## Section59.3Masses of Astronomical Objects

How do we ascertain the masses of the large mass objects, such as planets, stars, and galaxies? A general method for determining the mass of a celestial object is based on observing the motion of another body that is in a motion about the celestial object of interest. For instance, to determine the mass of Earth, we can observe a satellite, say the Moon, around Earth and use the equation of motion for the moon or a satellite.

$$G_N\dfrac{M_E m}{r^2} = m a,\tag{59.3.1}$$

where $M_E$ is the mass of the Earth, $m$ is the mass of the satellite, $a$ its acceleration, and $r$ the distance to the satellite from the center of Earth. The mass of the satellite cancels out in this equation and we get the mass of the Earth from directly observable quantities.

$$M_E = \dfrac{a\: r^2}{G_N}. \label{eq-Earth-mass-dyn-1}\tag{59.3.2}$$

Assuming the orbit the satellite to be circular of radius $r\text{,}$ and the speed of the satellite to be constant $v\text{,}$ then the acceleration happens to be related to the speed $v$ and the radius $r$ of the orbit.
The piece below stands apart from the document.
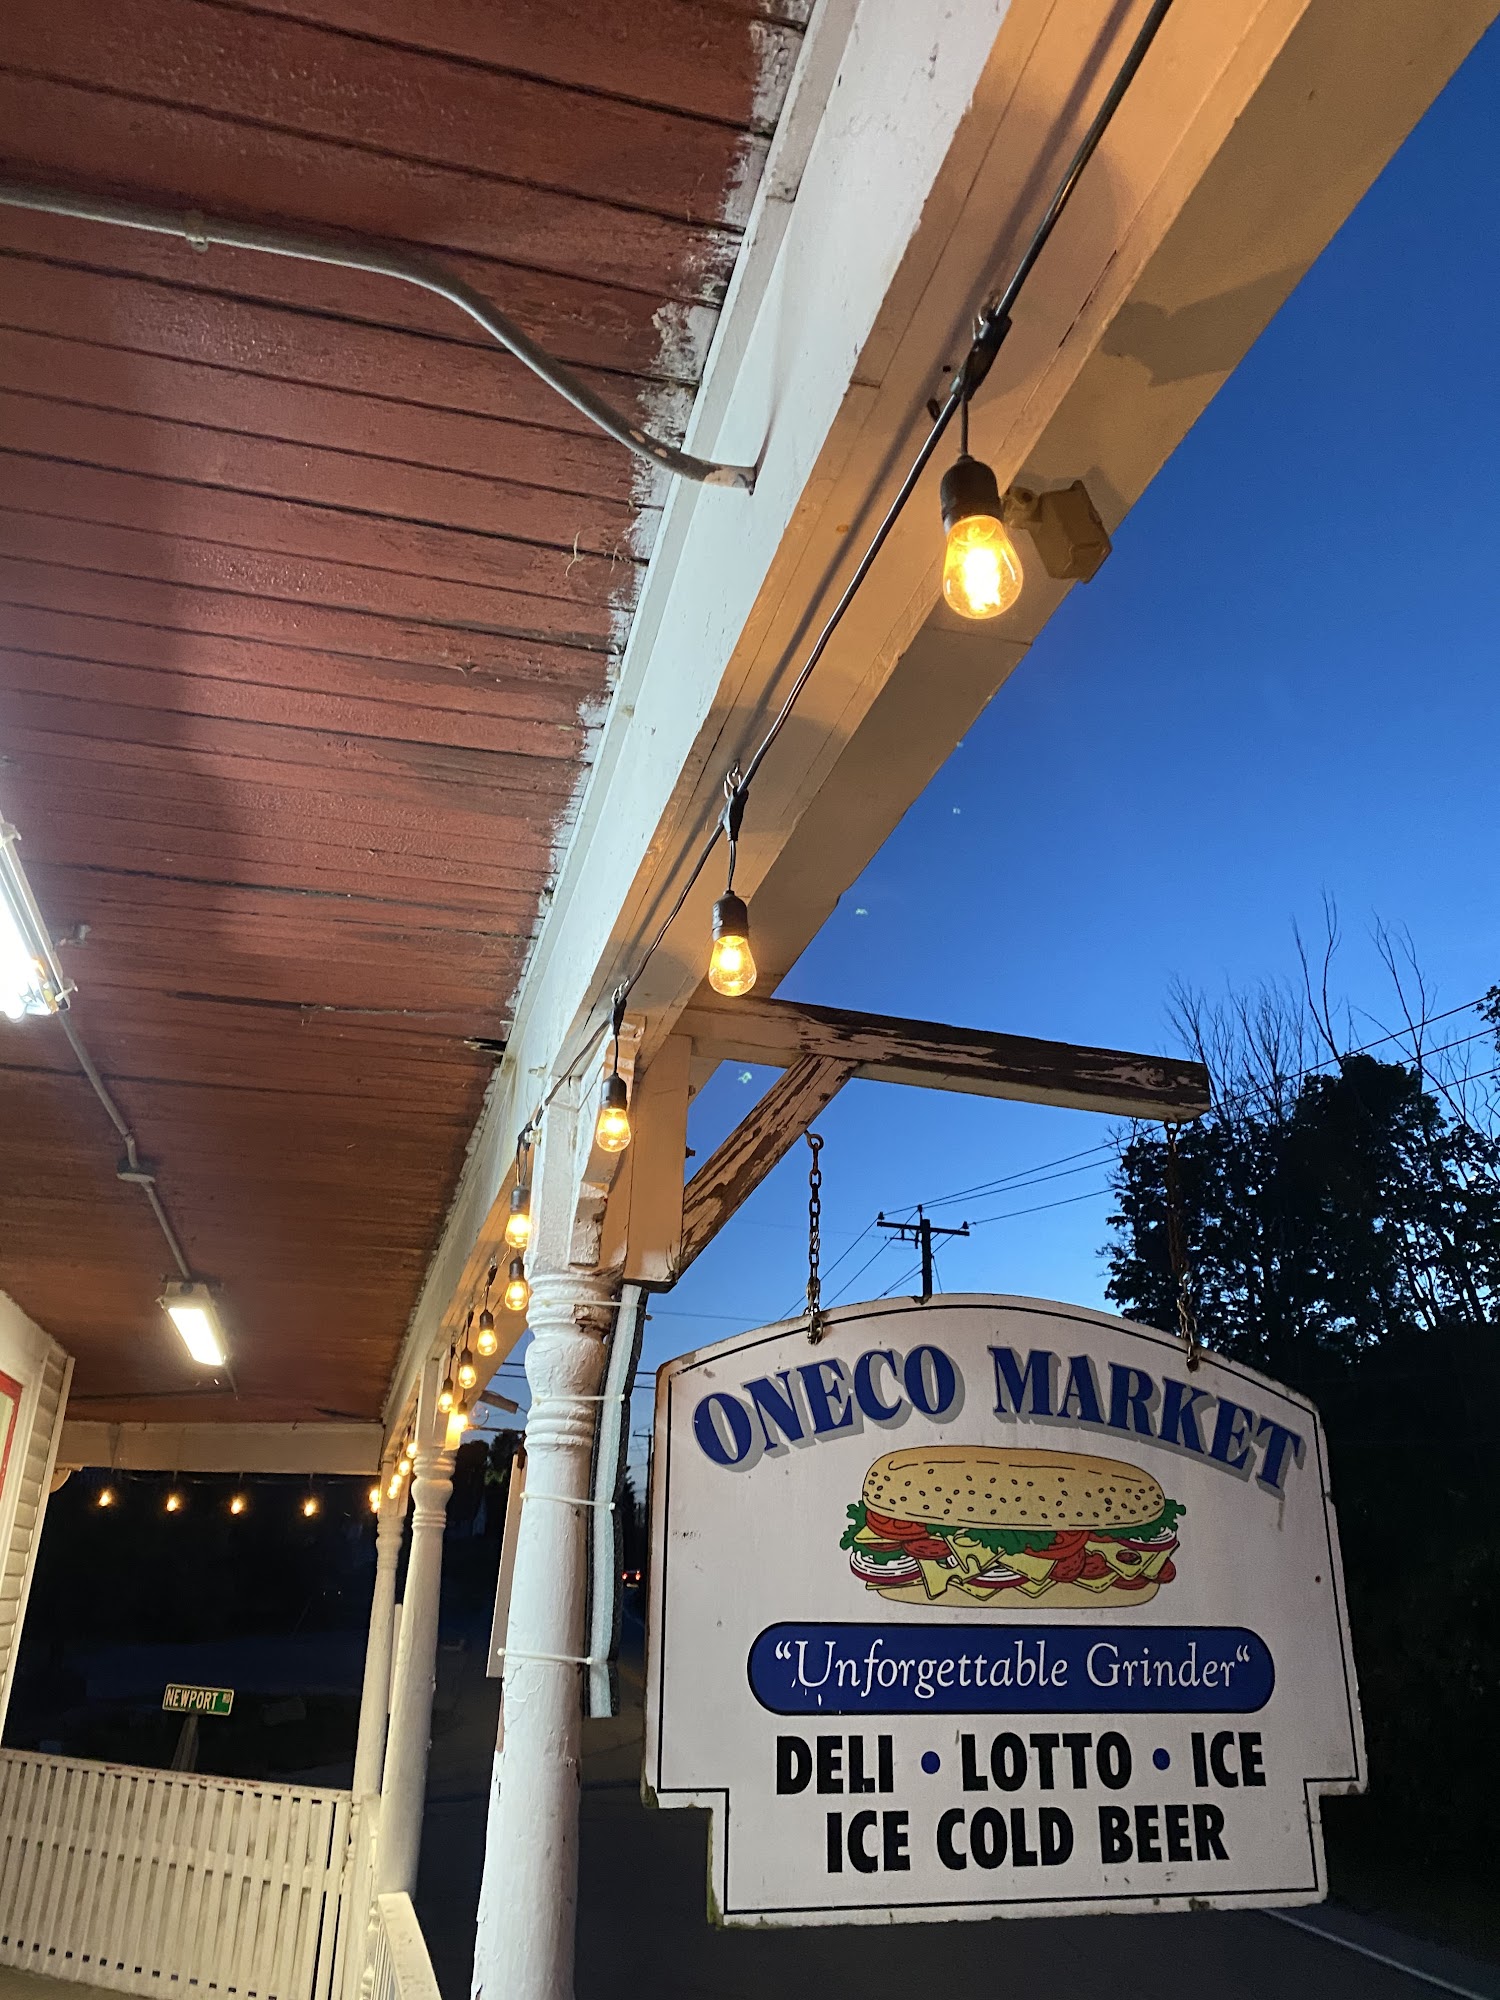 Oneco Market

\begin{equation*} a = \dfrac{v^2}{r}. \end{equation*}

Thus, we get the following for the mass of Earth from measuring $v$ and $r$ of the satellite.

\begin{equation*} M_E = \dfrac{v^2\: r}{G_N}. \end{equation*}

We can write the constant speed $v$ in terms of $r$ and period $T$ of the motion of the satellite by noting that the satellite will go around once, covering a distance $2\pi r$ in time $T\text{.}$

\begin{equation*} v = \dfrac{2\pi r}{T}. \end{equation*}

Therefore, the satellite has the following acceleration.

\begin{equation*} a = \dfrac{4\pi^2 r}{T^2}. \end{equation*}

Putting this for $a$ in Eq. (59.3.2), we obtain the formula for the mass of Earth completely in terms of measurable quantities.

$$M_E = \dfrac{4\pi^2 r^3}{G_N T^2}. \label{eq-Earth-mass-dyn-2}\tag{59.3.3}$$

Let us see how this works out for values for the values of $r$ and $T$ for Moon as the test body. We have

\begin{equation*} r = 3.84\times 10^{8}\: \textrm{m},\ \ \textrm{Orbital period}\ \ T = 27.321582\: \textrm{days} = 2.36 \times 10^6\: \textrm{sec}. \end{equation*}

These values in Eq. (59.3.3) give the following value of the mass of Earth.

\begin{equation*} M_E = \dfrac{4\pi^2\times \left(3.84\times 10^{8}\right)^3}{6.67\times 10^{-11} \times \left( 2.36 \times 10^6\right)^2} = 6.02\times 10^{24}\:\textrm{kg}. \end{equation*}

The satellite method illustrated above can be applied also to the planets as test bodies to determine the mass of the Sun. This is actually how the mass of the Sun is determined from a planet orbit and period of revolution giving the following value.

$$M_{\textrm{sun}} = \dfrac{v^2\: r}{G_N} = \dfrac{4\pi^2 r^3}{G_N T^2}, \label{eq-sun-mass-dyn-1}\tag{59.3.4}$$

where $r$ is the radius of a planet's orbit about the sun and $T$ its orbital period. Most stars are binaries, meaning part of a two-star system, which gravitate around each other. The dynamics of binary stars can be used to determine the mass of star in a binary system. You can apply Eq. (59.3.4) to the orbit of a star as the test body at the edge of a galaxy to determine the mass of the galaxy.

\begin{equation*} M_{\textrm{galaxy}} = \dfrac{v^2\: r}{G_N} = \dfrac{4\pi^2 r^3}{G_N T^2}, \end{equation*}

where $r$ is the distance of the test star from the center of the galaxy, $v$ its orbital speed, and $T$ the orbital period.